Halluzinogen-assoziierte Rauscherfahrungen können intensive Erinnerungen bewirken,
die durch psychologische (z. B. Hypnose, Meditation) und psychophysiologische sowie
umweltbezogene Trigger (z. B. Stimmungsinduktion durch Stress, Hyperventilation, Schlafentzug,
Musik, Dunkelheit) sowie durch heterogene pharmakologische Assoziationsträger (z. B.

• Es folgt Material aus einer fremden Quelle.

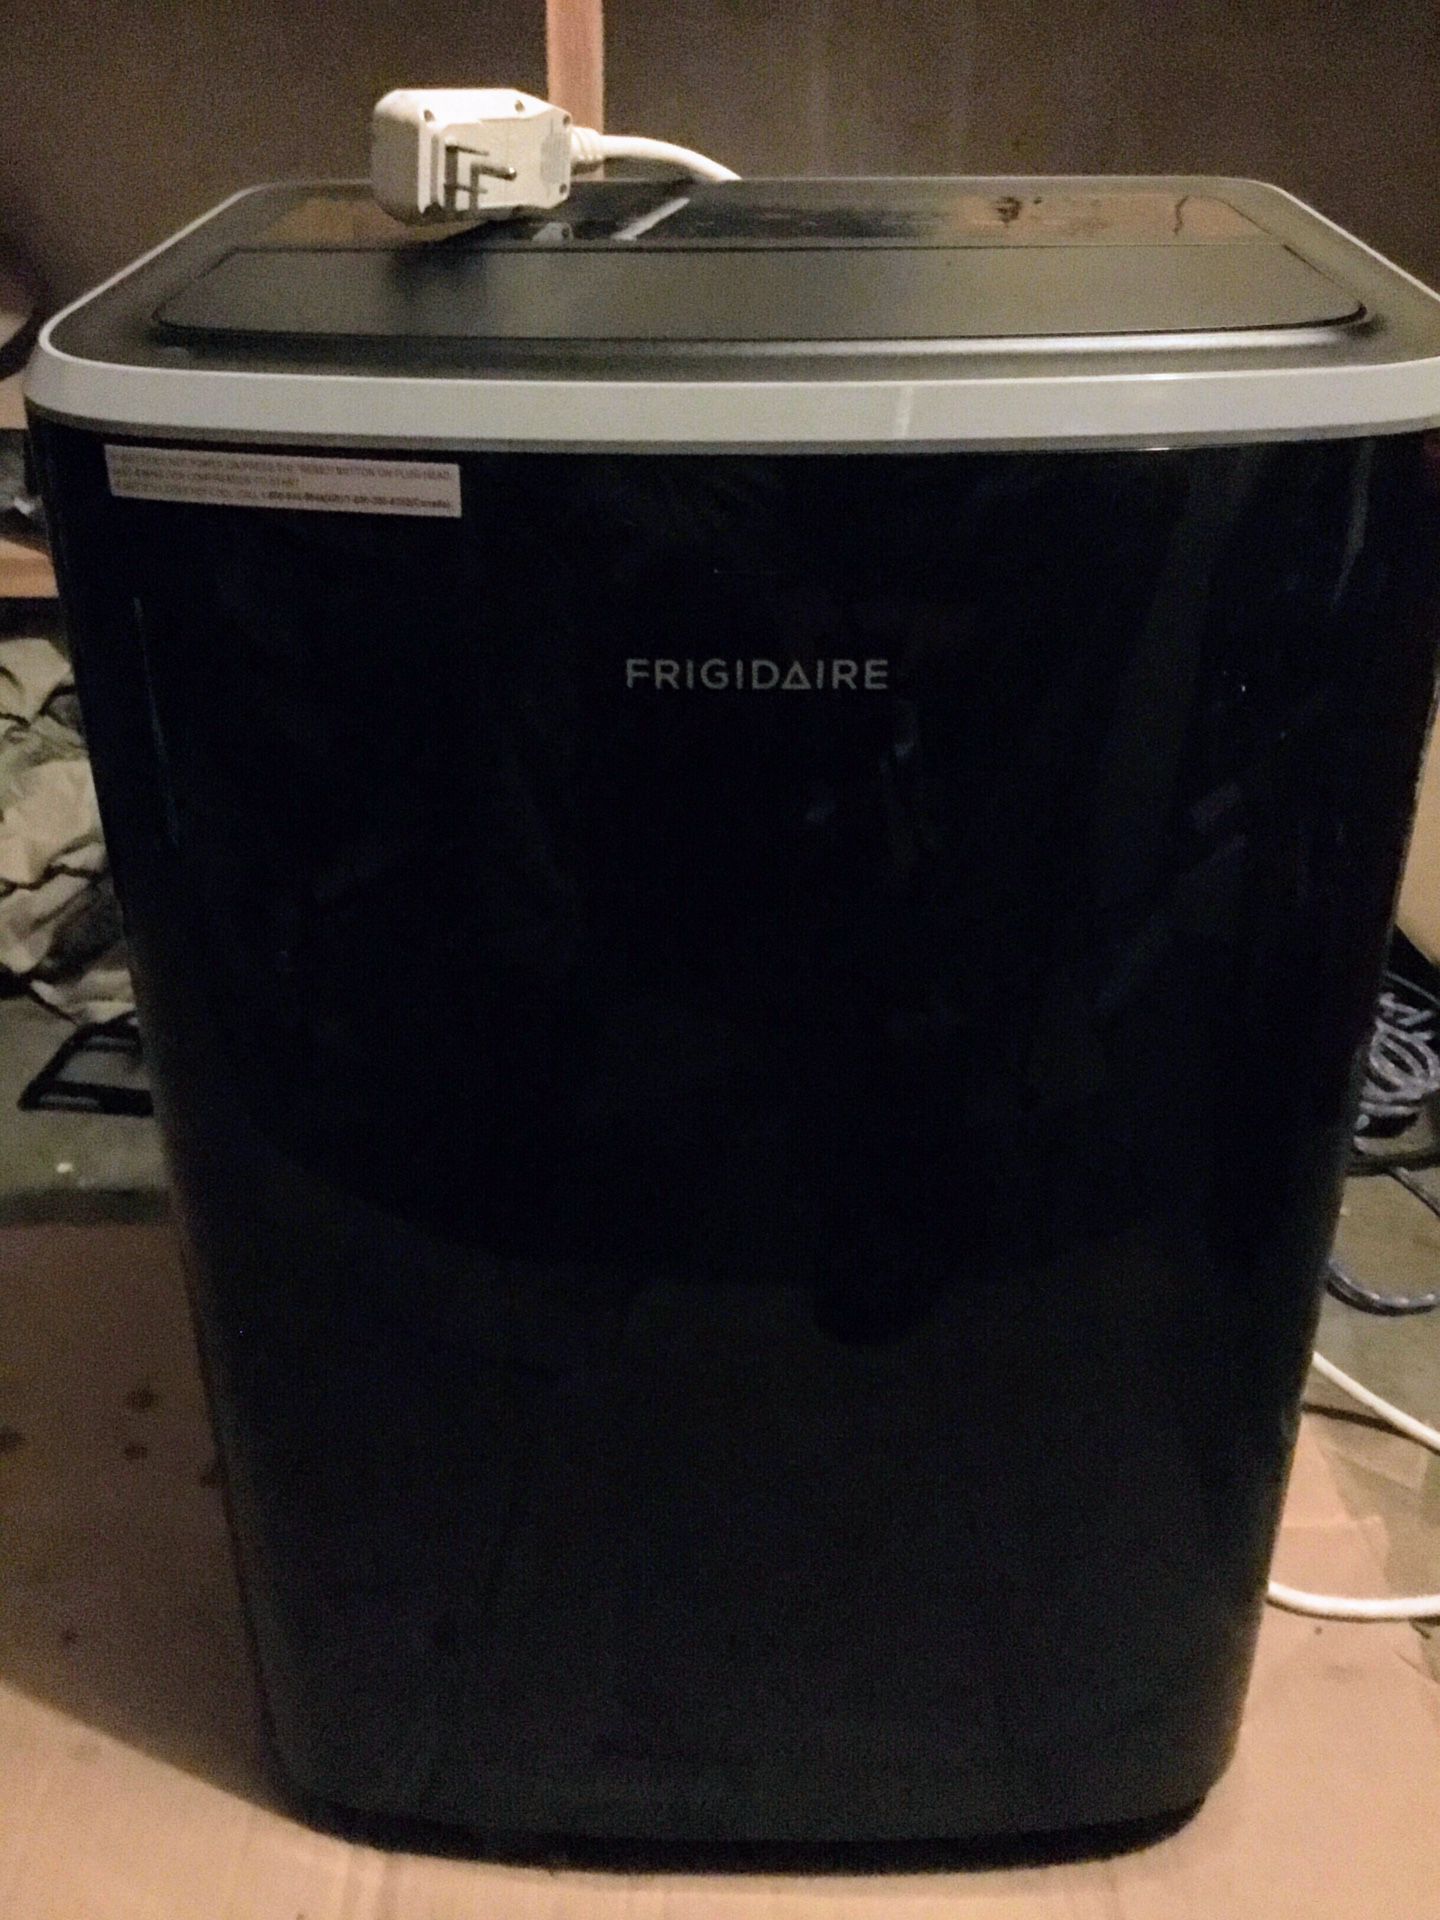 Fridgidaire Portable air Conditioner.

Cannabis, MDMA, Ketamin, LSD) ein „ergotropes“ Erregungsniveau mit unerwartetem oder
bewusst angestrebtem Flashback auslösen können. Unter dem Einfluss halluzinogener
Substanzen und bei einem emotional stark belastenden Psychotrauma kann es zu zustandsabhängigen Lernprozessen kommen. F. H. Frankel verglich aus historischer Perspektive anhand von 55 Literaturquellen
substanzinduzierte Flashbacks mit Psychotrauma [74]. In den überprüften Fallberichten war die Beschreibung von Flashbacks in Bezug auf
Echtheit der visuellen Wahrnehmung sehr unterschiedlich. Zumindest schienen die Inhalte
der Flashbacks eher das Produkt der individuellen Phantasie als des objektiven Gedächtnisses zu
sein [74]. Selbstschilderungen und Selbstdiagnosen von Flashback-Phänomenen sind daher mit
Skepsis zu betrachten.
Was einen Zusammenhang zwischen Flashback-Phänomenen und veränderten Wachbewusstseinszuständen
(VWB) betrifft, so ist Dittrich [72] zuzustimmen, dass VWB eine Struktur mutueller Ähnlichkeiten bilden und unabhängig
von der Art ihrer Auslösung einen gemeinsamen invarianten Kern haben. So können ähnliche
Erfahrungen, wie sie unter Flashbacks vielfach berichtet wurden, auch unter sensorischer
Deprivation, Reizüberflutung, Hypnose, Meditation, hypnagogen und hypnopompen Zuständen auftreten.
Die in der Regel sehr kurz dauernden psychoaktiven Stimuli können nur einen auf wenige
Stunden begrenzten Flashback auslösen, was diesen von der überwiegenden Mehrzahl psychiatrischer
Störungsbilder klar unterscheidet.
Die klassifikatorische Gleichsetzung von Flashback-Pänomenen und HPPD ist nach ICD-10
und DSM-5 aufgrund der unterschiedlichen diagnostischen Merkmale und des völlig unterschiedlichen
Zeitverlaufs nicht mehr gerechtfertigt.
Es ist davon auszugehen, dass Flashback-Phänomene und HPPD als Nachwirkung von Halluzinogenkonsum
durch individuell unterschiedliche Ätiologien gekennzeichnet sein können. Neben HPPD-assoziiertem
Halluzinogenkonsum dürften Alkohol, der Konsum anderer illegaler Drogen, insbesondere
psychiatrische Komorbidität mit psychotraumatischen Erlebnissen in unterschiedlicher
individueller Gewichtung in einem Ursachengefüge zusammenwirken.